Author-email: Elmadani SALKA <contact@halyn.dev>
License-Expression: BUSL-1.1
Project-URL: Homepage, https://halyn.dev
Project-URL: Repository, https://github.com/halyndev/halyn
Project-URL: Issues, https://github.com/halyndev/halyn/issues
Project-URL: Documentation, https://halyn.dev/docs
Project-URL: Changelog, https://github.com/halyndev/halyn/blob/main/CHANGELOG.md
Keywords: ai,agents,governance,accountability,audit,mcp,security,aap,nrp,iot,robotics
Classifier: Development Status :: 4 - Beta
Classifier: Programming Language :: Python :: 3
Classifier: Programming Language :: Python :: 3.10
Classifier: Programming Language :: Python :: 3.11
Classifier: Programming Language :: Python :: 3.12
Classifier: Topic :: Scientific/Engineering :: Artificial Intelligence
Classifier: Topic :: Security
Classifier: Topic :: System :: Systems Administration
Requires-Python: >=3.10
Description-Content-Type: text/markdown
License-File: LICENSE
Requires-Dist: aiohttp>=3.9
Provides-Extra: iot
Requires-Dist: paho-mqtt; extra == "iot"
Provides-Extra: dev
Requires-Dist: pytest; extra == "dev"
Requires-Dist: pytest-asyncio; extra == "dev"
Requires-Dist: mypy; extra == "dev"
Requires-Dist: ruff; extra == "dev"
Dynamic: license-file

<div align="center">

# Halyn

**The governance layer for AI agents.**

[![PyPI](https://img.shields.io/pypi/v/halyn?style=flat-square&color=20c754)](https://pypi.org/project/halyn/)
[![Python 3.10+](https://img.shields.io/badge/Python-3.10+-20c754?style=flat-square)](https://python.org)
[![License: BSL-1.1](https://img.shields.io/badge/License-BUSL--1.1-orange?style=flat-square)](LICENSE)
[![Website](https://img.shields.io/badge/Website-halyn.dev-20c754?style=flat-square)](https://halyn.dev)

Every action intercepted. Every decision auditable. The AI cannot bypass it.

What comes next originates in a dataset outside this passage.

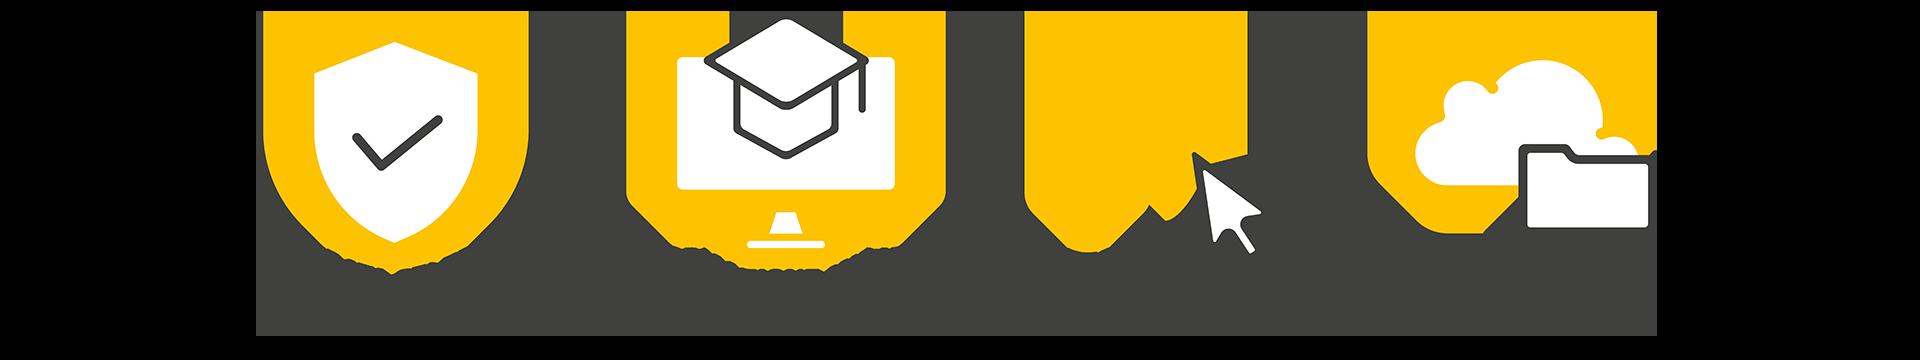 Infografica Lezioni Online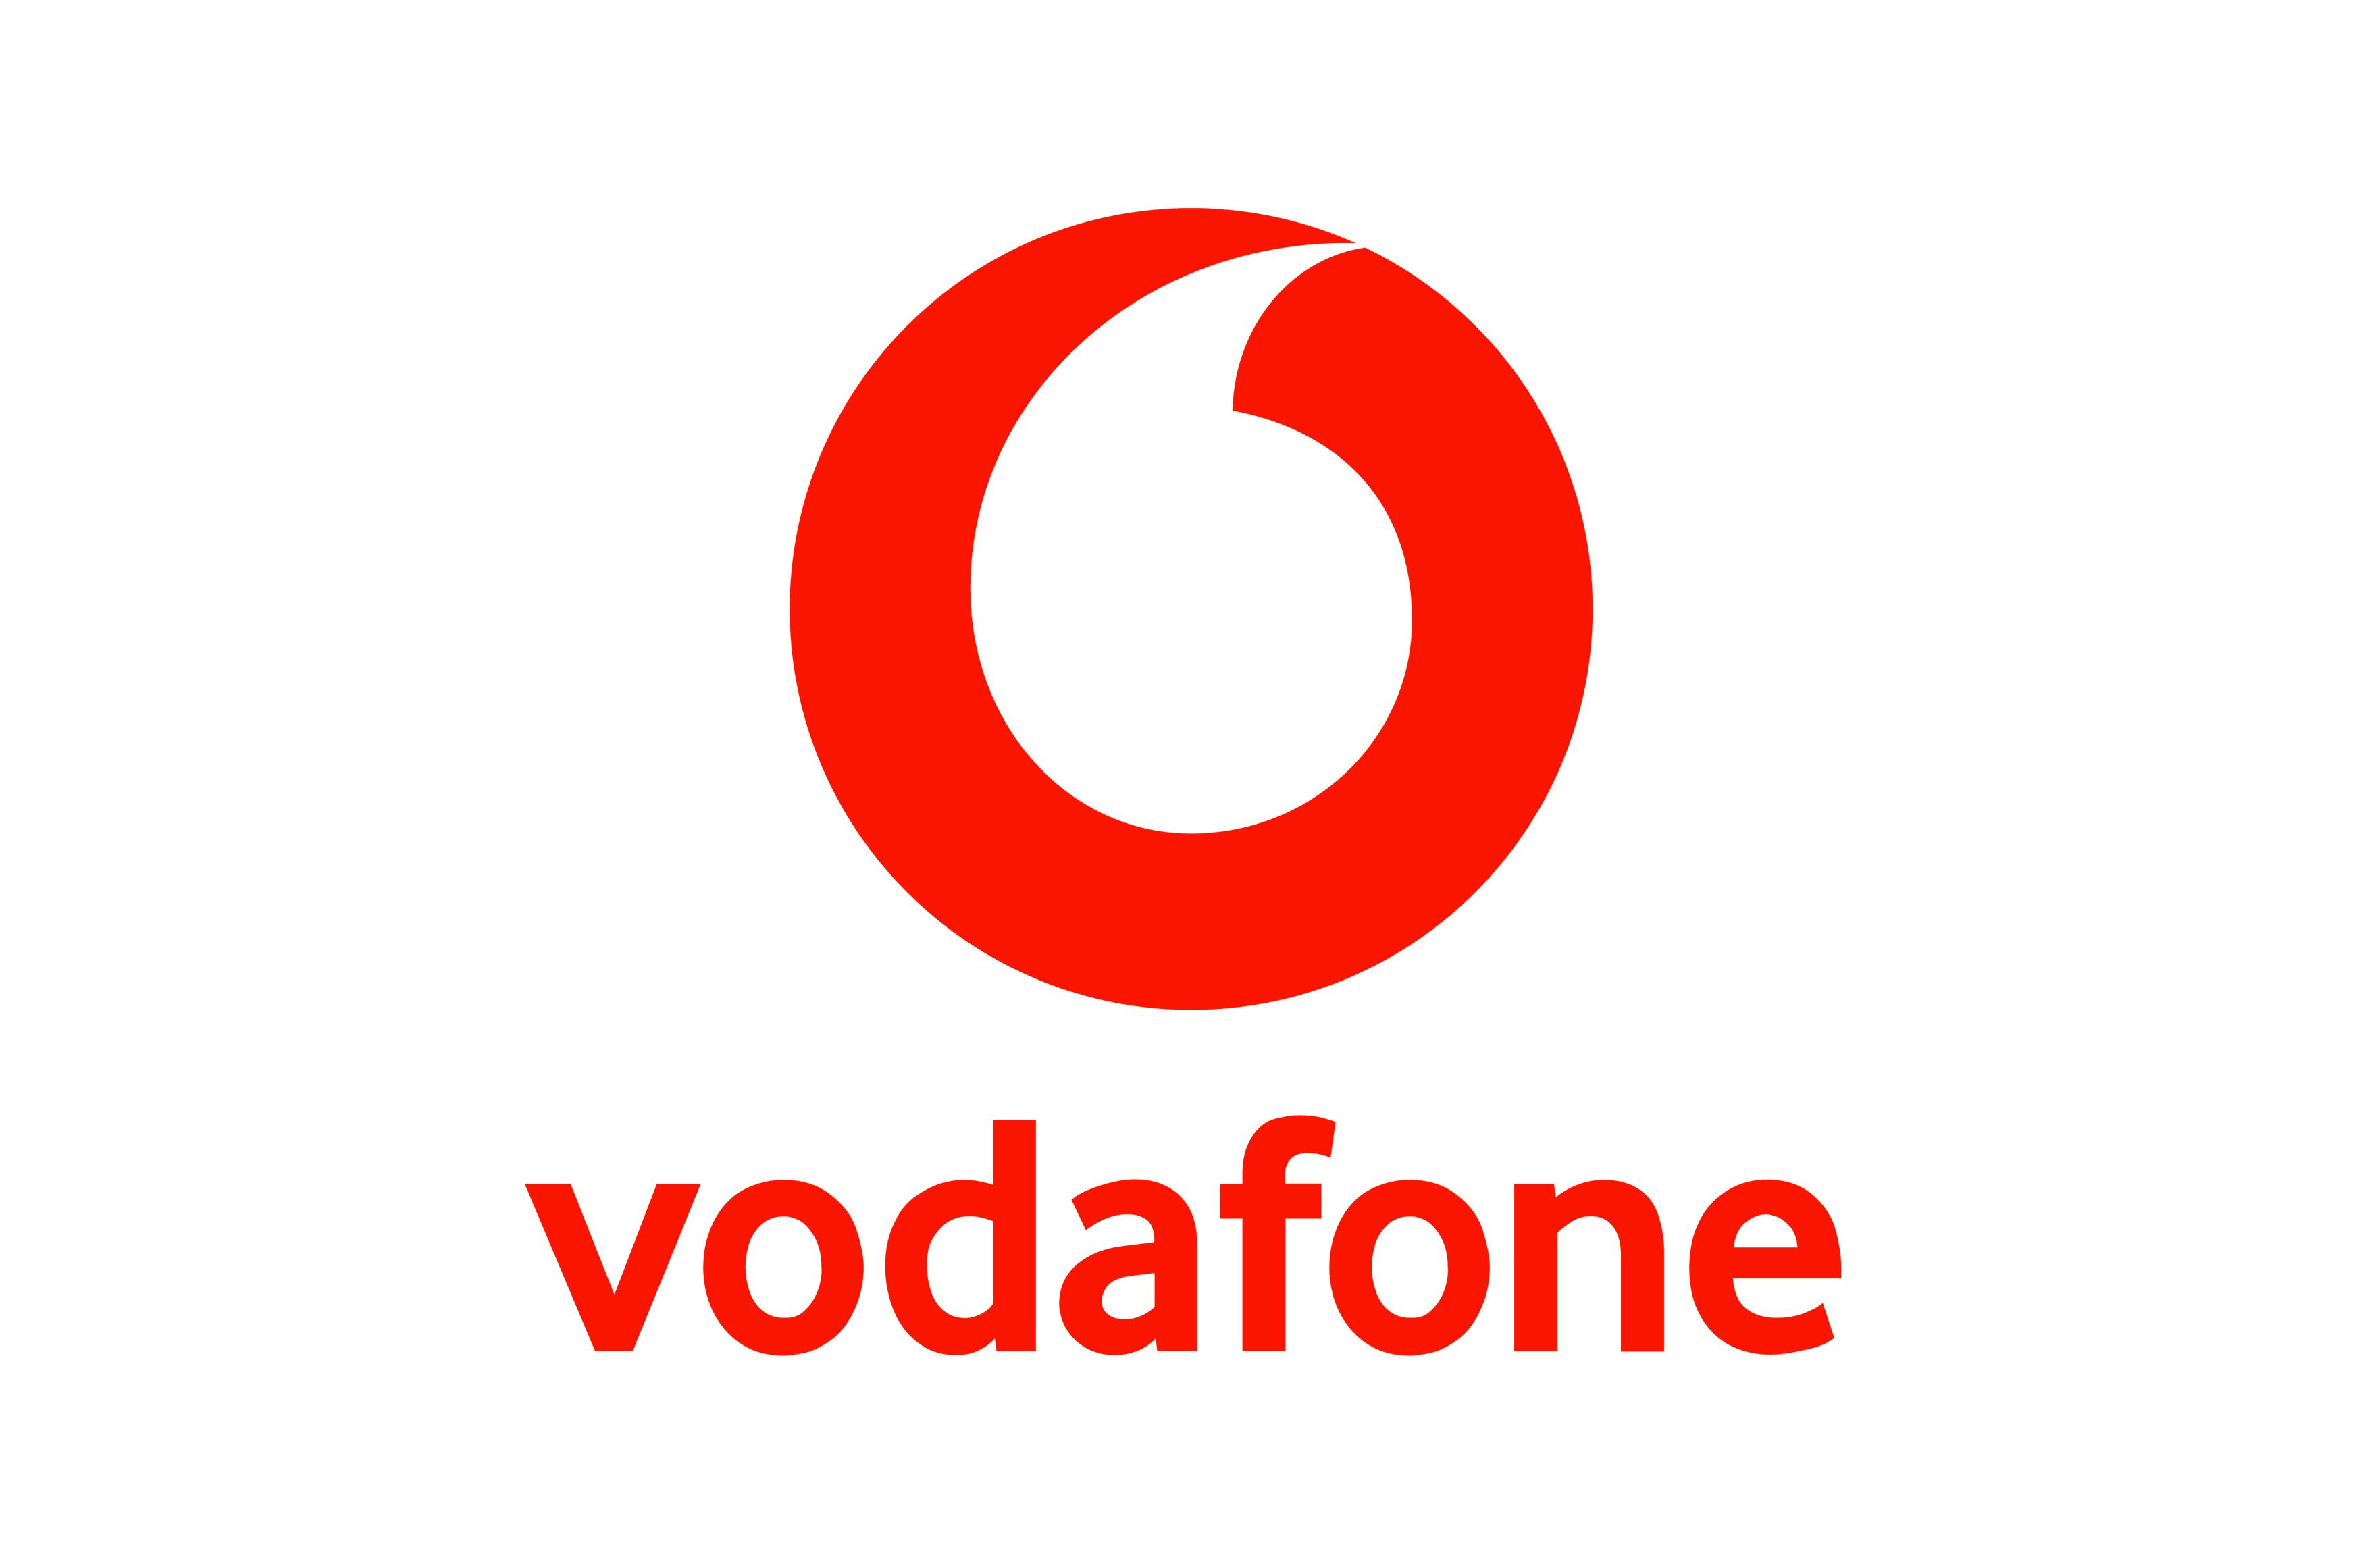 Vodafone By Brand Union Vodafone Logo Vodafone Logos

[Website](https://halyn.dev) · [Why Halyn](#why-halyn) · [Install](#install) · [Architecture](#architecture) · [Protocols](#protocols)

</div>

---

## Why Halyn

AI agents — Claude, GPT-4.1, Gemini 3.1, local models — act on your machine. They read files, send emails, control browsers, call APIs. With no independent proof of what happened.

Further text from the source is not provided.